Ancak daha yakın zamanlarda, borç verenler ve borç alanlar arasındaki bu ilişki önemli ölçüde daha karmaşık hale geldi. Bunun nedeni , borç verenlerin kredilerini, daha sonra bu kredileri ayrı menkul kıymetler halinde paketleyen üçüncü şahıslara sattıkları menkul kıymetleştirme olgusudur. Bu menkul kıymetler daha sonra, ilk borç veren veya kredileri paketlemekten sorumlu tarafla tamamen alakasız olabilecek yatırımcılara satılır.

Menkul kıymetleştirme nedeniyle, yüksek faizli kredi verenlerin, yüksek faizli kredileriyle ilişkili temerrüt riskinden etkin bir şekilde kurtulmaları mümkündür. Bu kredileri menkul kıymetleştirme süreci aracılığıyla yatırımcılara satarak, bir subprime borç veren artık yalnızca yeni subprime kredileri başlatmaya ve ardından bunları hızla bir menkul kıymetleştirme sağlayıcısına satmaya odaklanabilir. Bu şekilde, temerrüt riski, subprime borç verenden, menkul kıymetleştirilmiş ürün yoluyla sonunda subprime krediye sahip olacak yatırımcılara aktarılır.

Subprime Kredinin Gerçek Dünya Örneği

Bu yüksek faizli kredi ve menkul kıymetleştirme kombinasyonunun genel olarak 2007-2008 mali krizine önemli ölçüde katkıda bulunduğu düşünülmektedir. Krizden önceki yıllarda, ana para ve borç veren para birimleri, anapara menkul kıymetler üretecek. Bu menkul kıymetler daha sonra dünyadaki çeşitli yatırımcılara satıldı.
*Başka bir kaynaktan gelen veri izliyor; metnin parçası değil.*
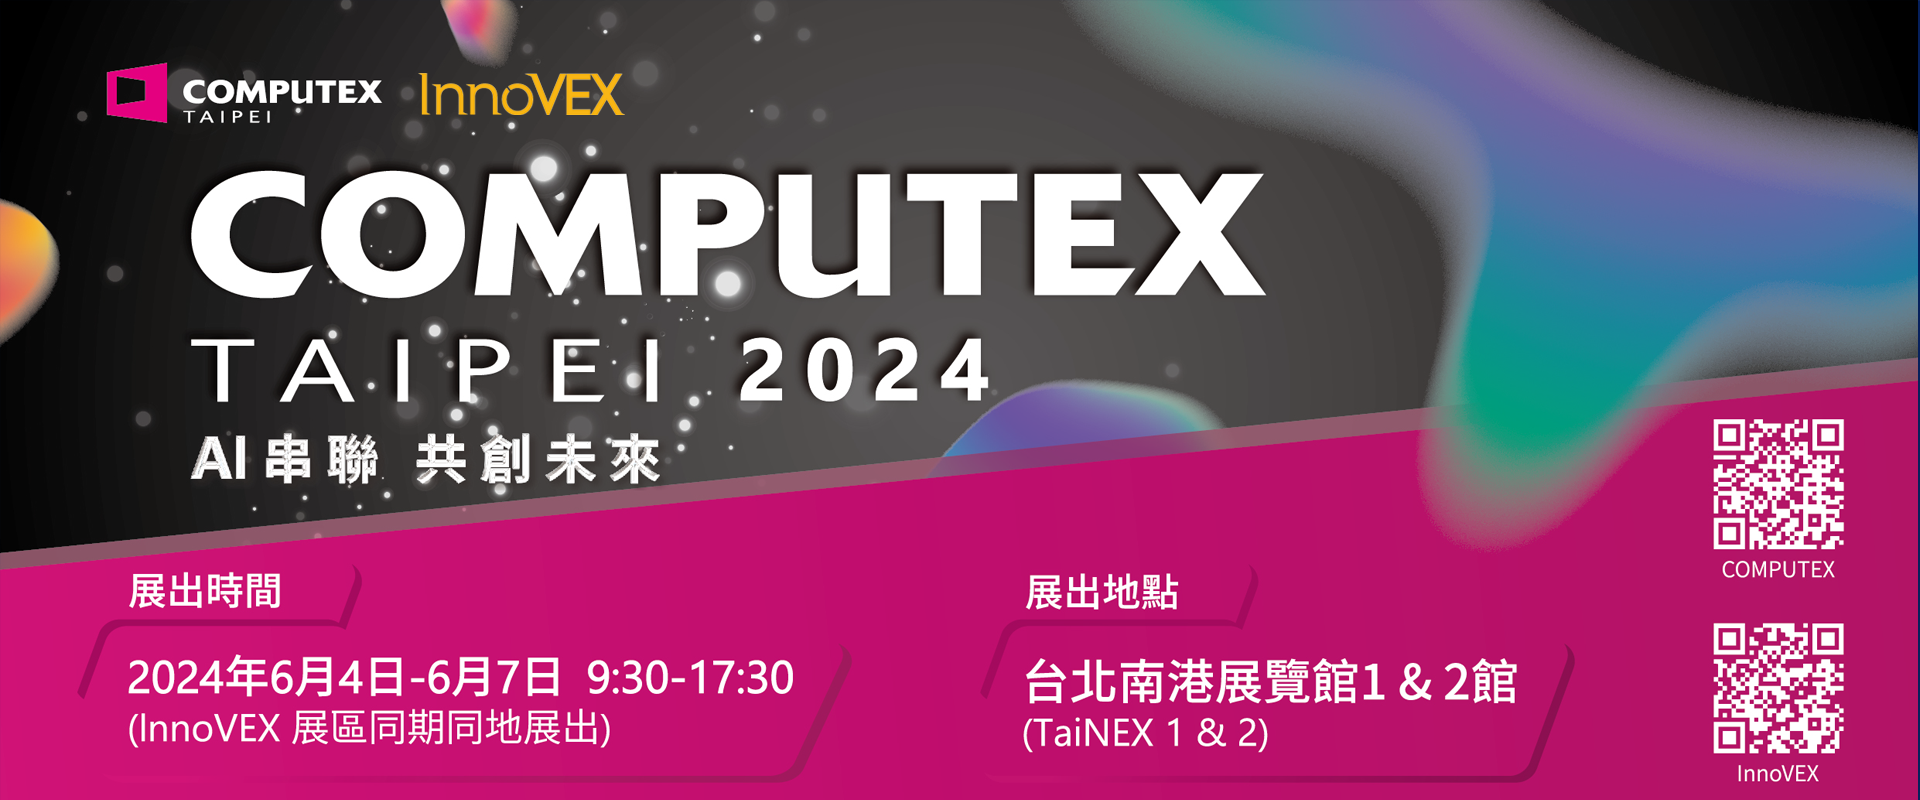 2024 台北國際電腦展 COMPUTEX - InnoVEX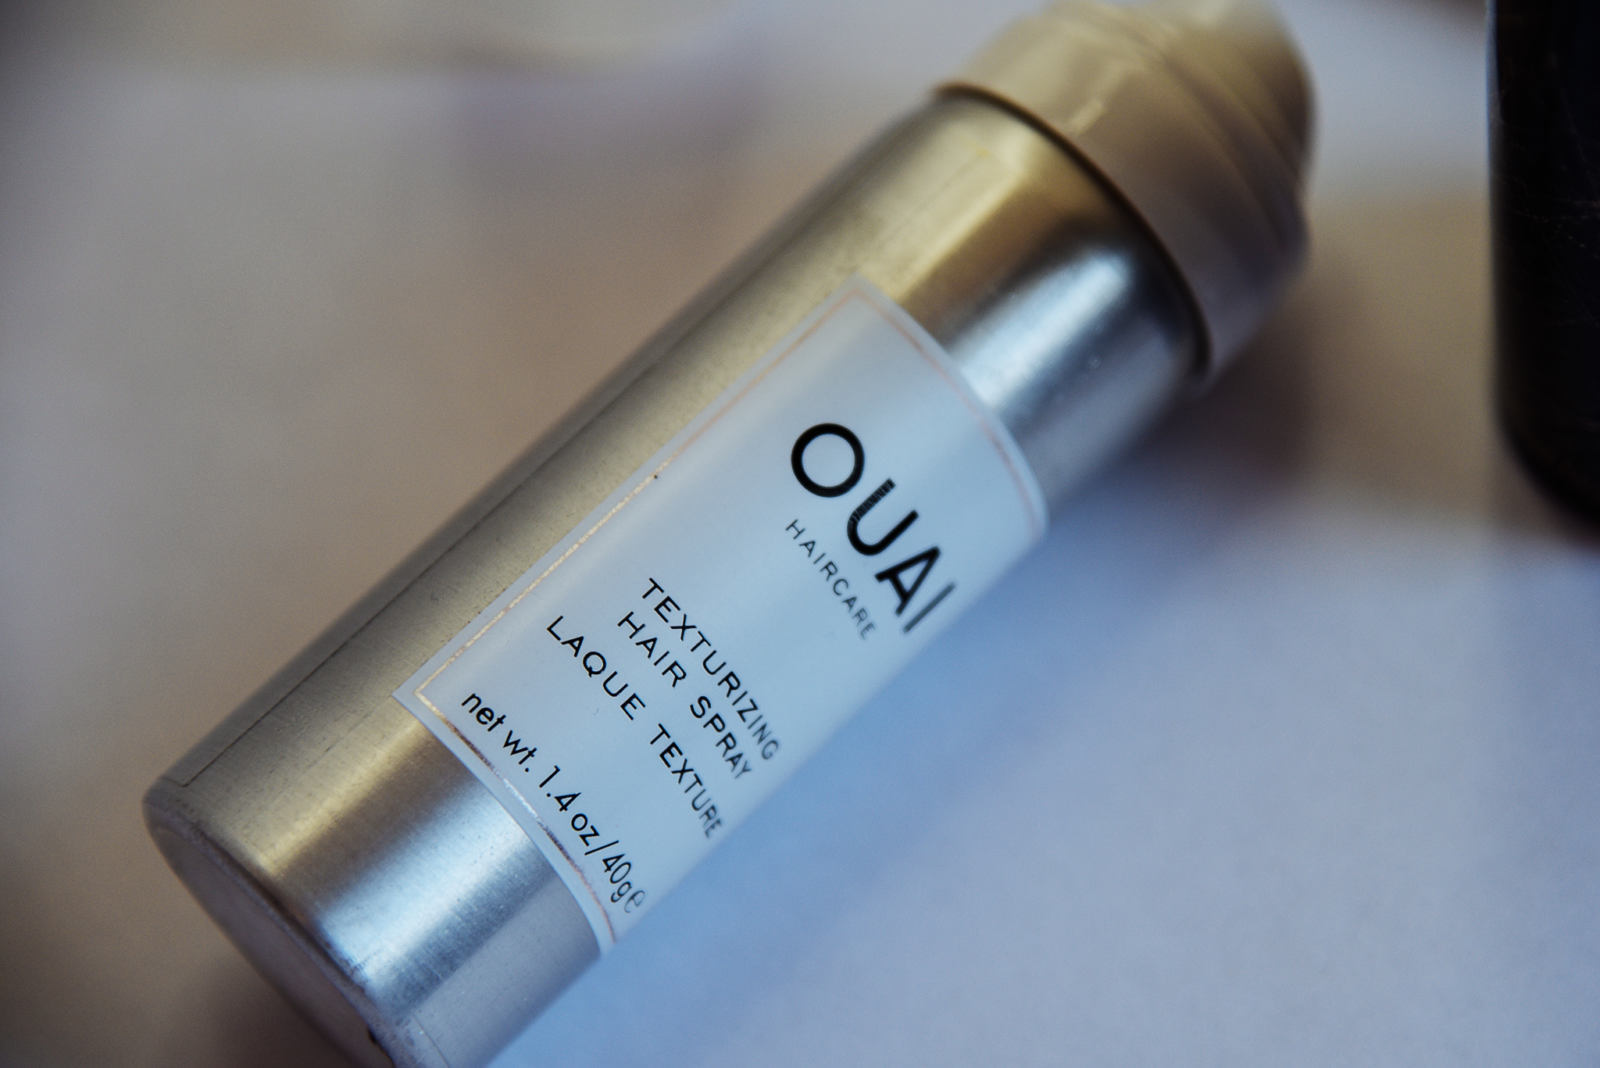 ouai vs oribe texturizing spray

Bu uygulamaya yönelik bir eleştiri, yüksek faizli ipotek kredisi verenlerin kredilerinin temerrüt riskinin yönetilebilir bir seviyede kalmasını sağlamaya yönelik teşviği ortadan kaldırmasıdır; temerrüt riski MBS sahiplerine devredildiği için, yüksek faizli borç verenler, temerrüt risklerine bakılmaksızın, mümkün olduğu kadar çok yüksek faizli kredi üretmeye teşvik edildi. Bu, ipotek kredilerinin ortalama kalitesi tehlikeli ve sürdürülemez bir düzeye düşene kadar ipotek standartlarında istikrarlı bir düşüşe yol açtı.

##Öne çıkanlar

  • Bu borçlular nispeten yüksek temerrüt riski taşıdıkları için, yüksek faizli krediler ortalamanın üzerinde faiz oranları taşır.

  • Subprime kredilendirme, kredi notu düşük olan borçlulara kredi verme uygulamasıdır.

  • Subprime kredilendirmenin, kısmen menkul kıymetleştirme fenomeni nedeniyle 2007–2008 mali krizine katkıda bulunduğu görülüyor.